HackerRank ‘Absolute Permutation’ Solution

Short Problem Definition:

We define P to be a permutation of the first n natural numbers in the range
[1,n]. Let pos[i] denote the value at position i in permutation P using 1-based indexing.

P is considered to be an absolute permutation if |pos[i]-i| = K holds true for every i.

Link

Absolute Permutation

Complexity:

time complexity is O(N)

space complexity is O(N)

Execution:

The time complexity of this solution is a question as is always true with hash maps. It is either O(N), O(NlogN) or O(N^2) depending on your particular implementation and hash algorithm.

After I solved this, I looked at the editorial and was amazed by the complex algorithm that they proposed. This is much simpler. Yet I agree that the editorial is more time/space effective.
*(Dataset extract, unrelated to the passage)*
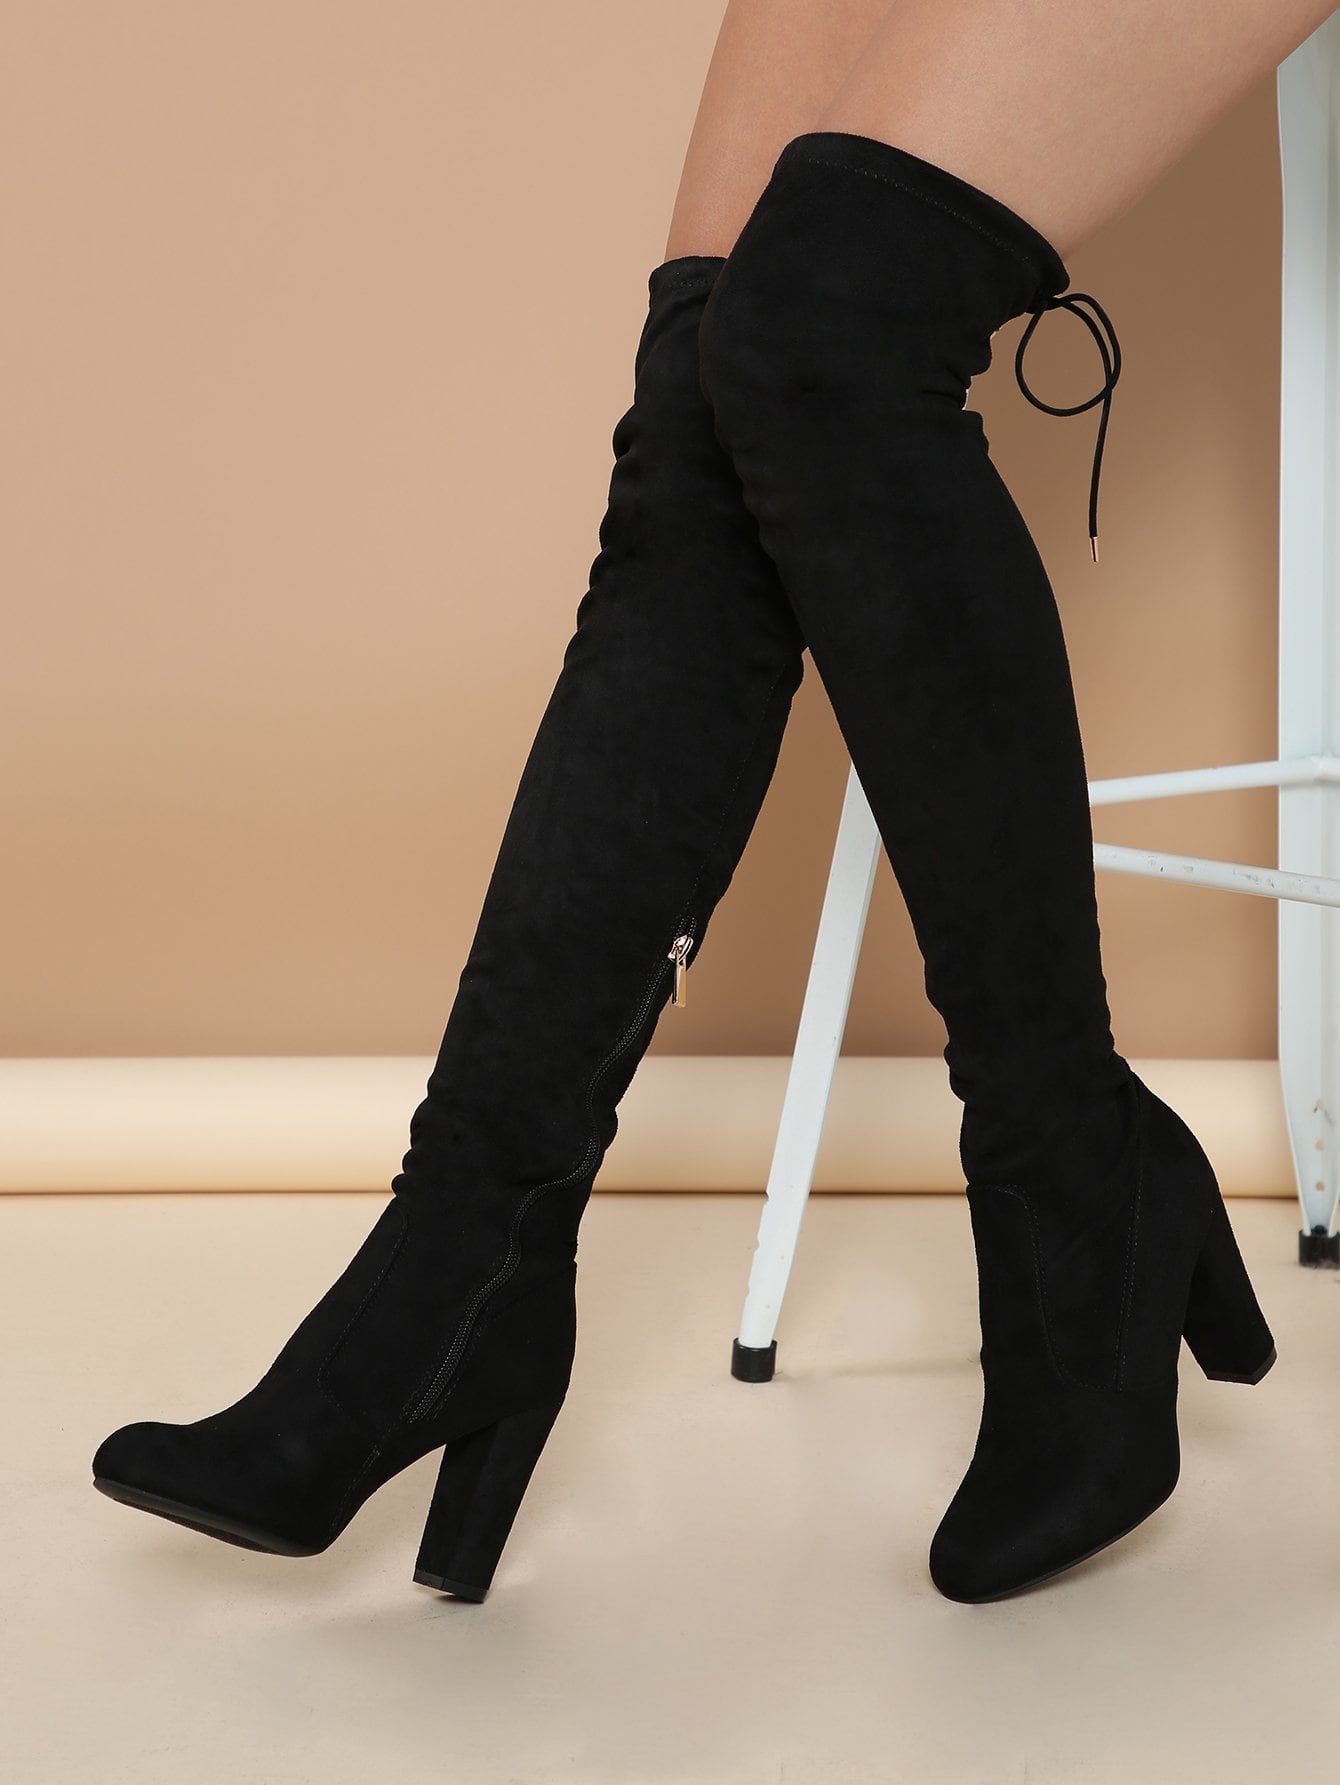 Glamorous Sock Boots Side zipper Black High Heel Chunky Almond Toe Chunky Heel Thigh High Boots 1
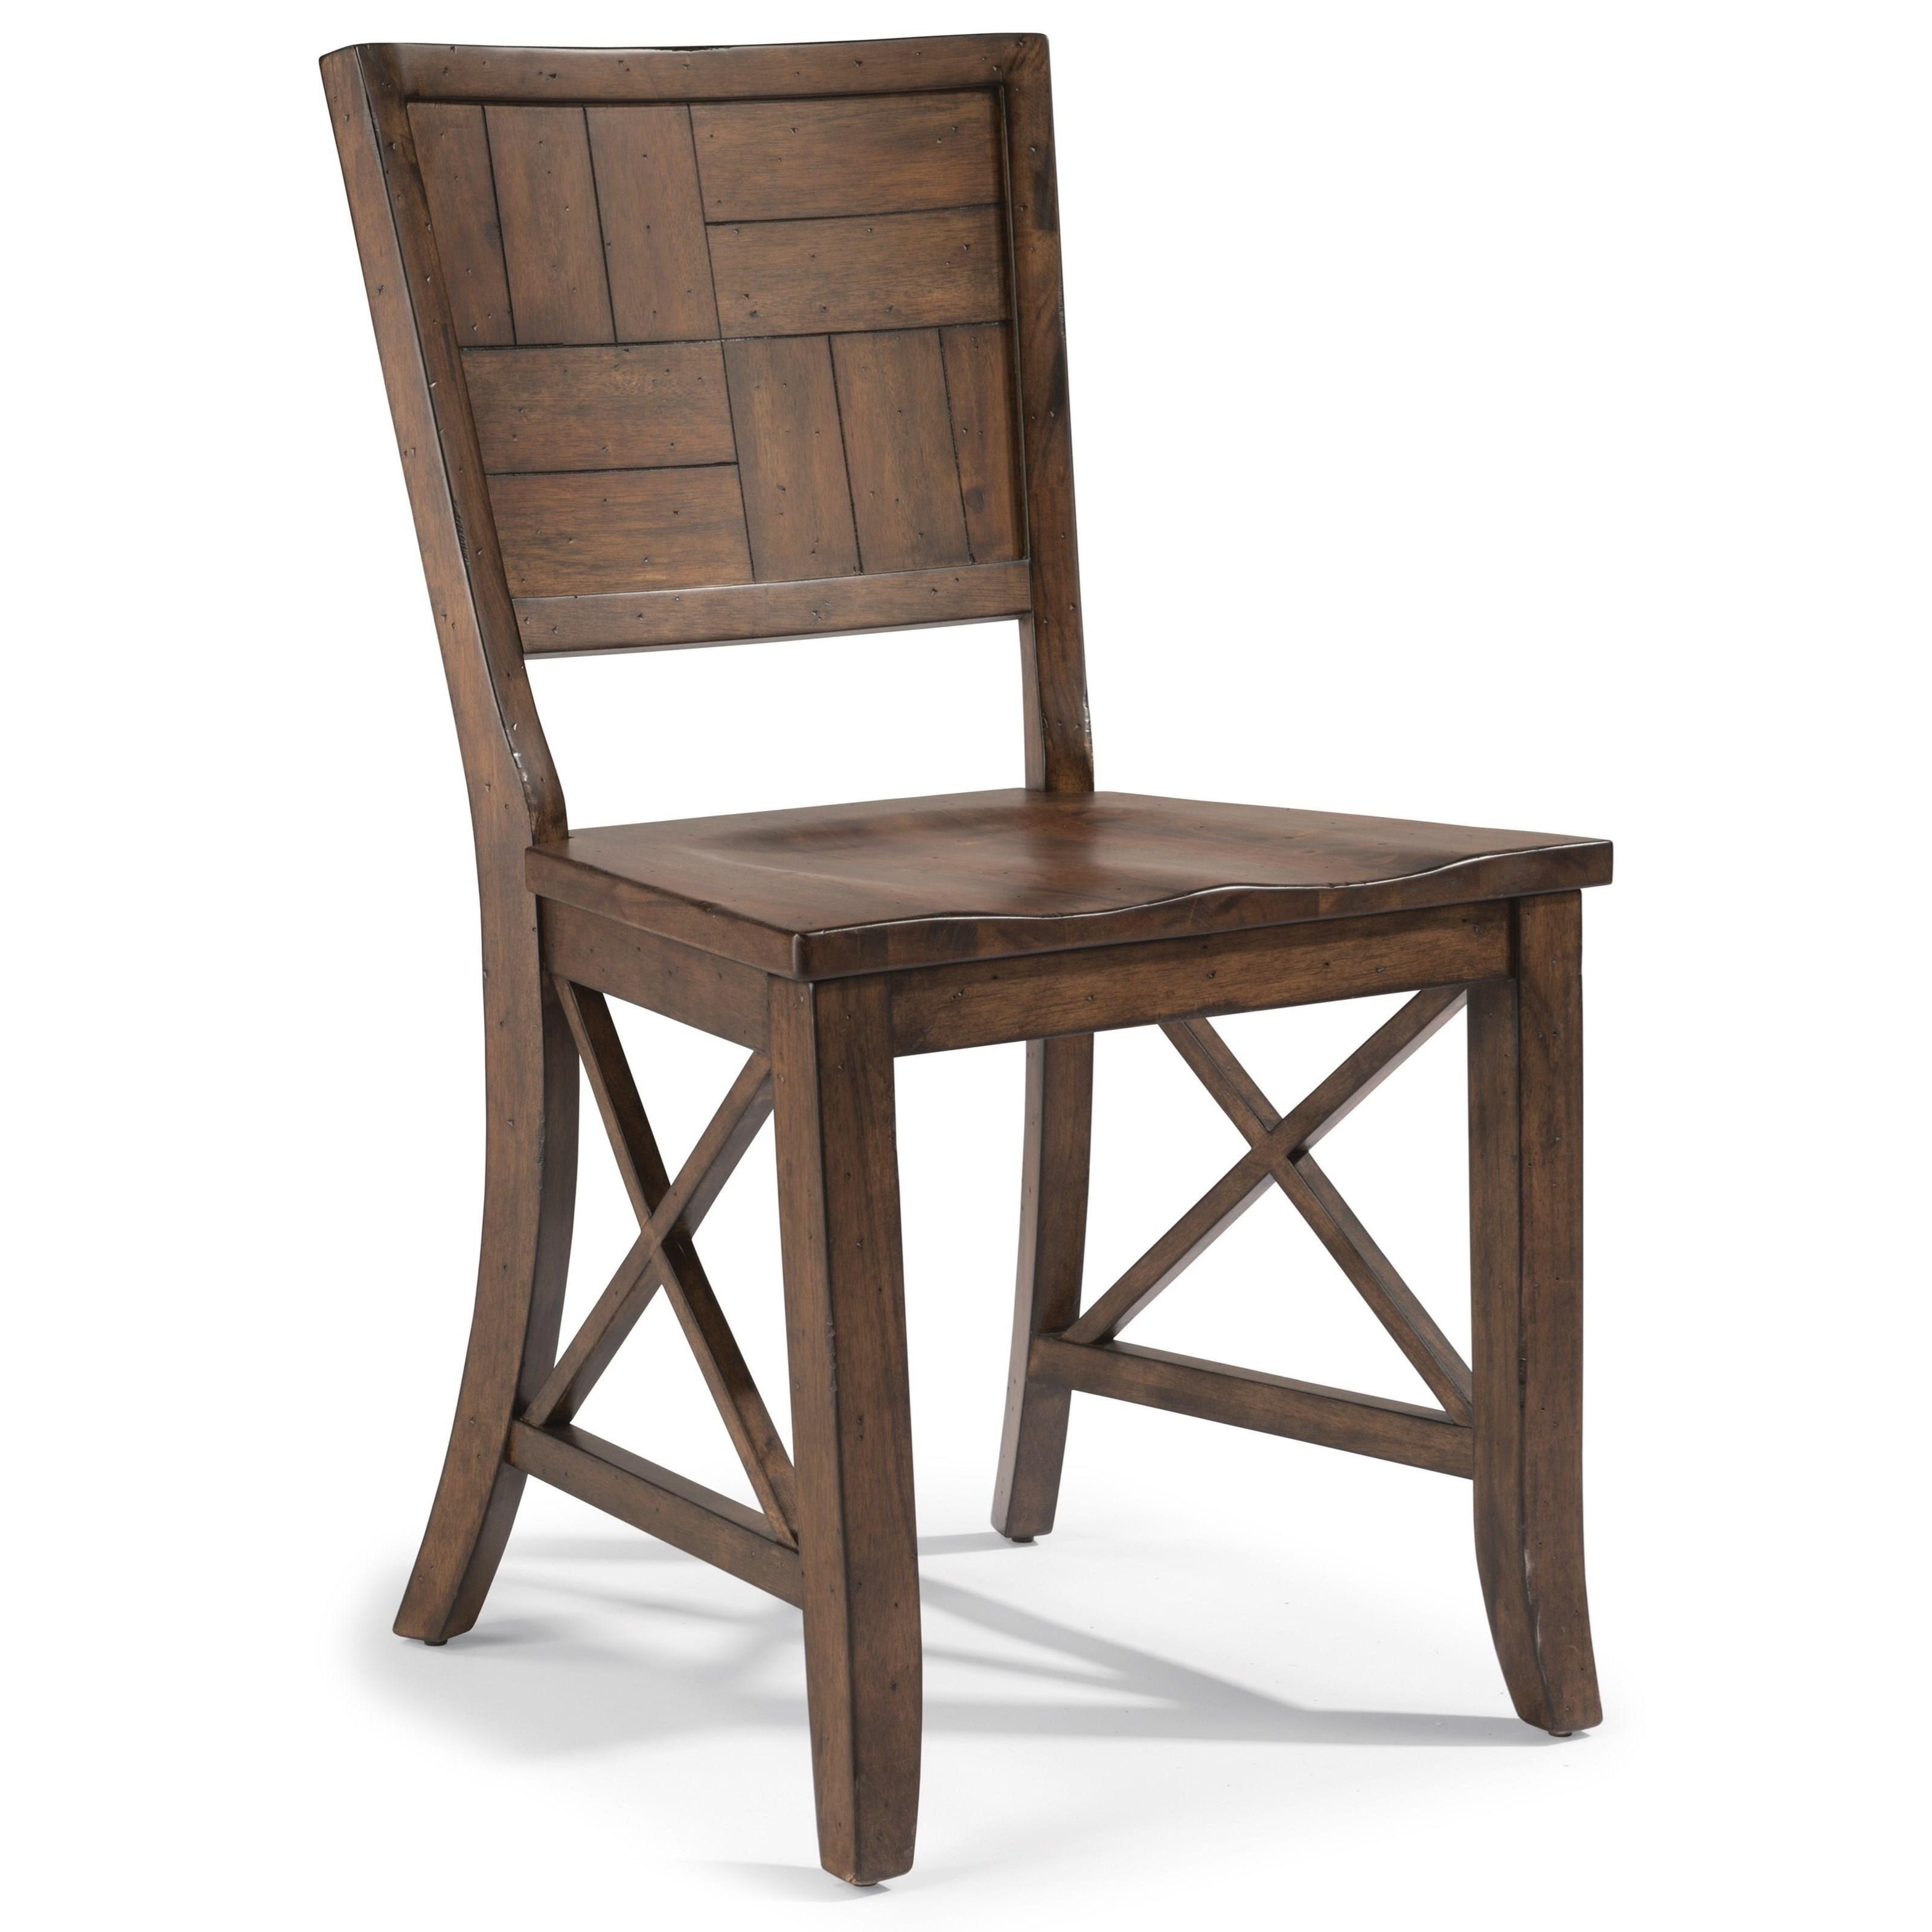 Flexsteel Wynwood Collection Carpenter Side Chair - Item Number: W6722-840

Iterate over the list of all values [1,N]. Use the lowest available value from the [1,N] pool. Either i-K or i+k, if i-K is not available.

Solution:
#!/bin/python

import math
import os
import random
import re
import sys

# Complete the absolutePermutation function below.
def absolutePermutation(n, k):
    solution = []
    s = set(range(1,n+1))
    
    for pos in xrange(1, n+1):
        if pos-k in s:
            solution.append(pos-k)
            s.remove(pos-k)
        elif pos+k in s:
            solution.append(pos+k)
            s.remove(pos+k)
        else:
            return [-1]
    
    return solution

if __name__ == '__main__':
    fptr = open(os.environ['OUTPUT_PATH'], 'w')

    t = int(raw_input())

    for t_itr in xrange(t):
        nk = raw_input().split()

        n = int(nk[0])

        k = int(nk[1])

        result = absolutePermutation(n, k)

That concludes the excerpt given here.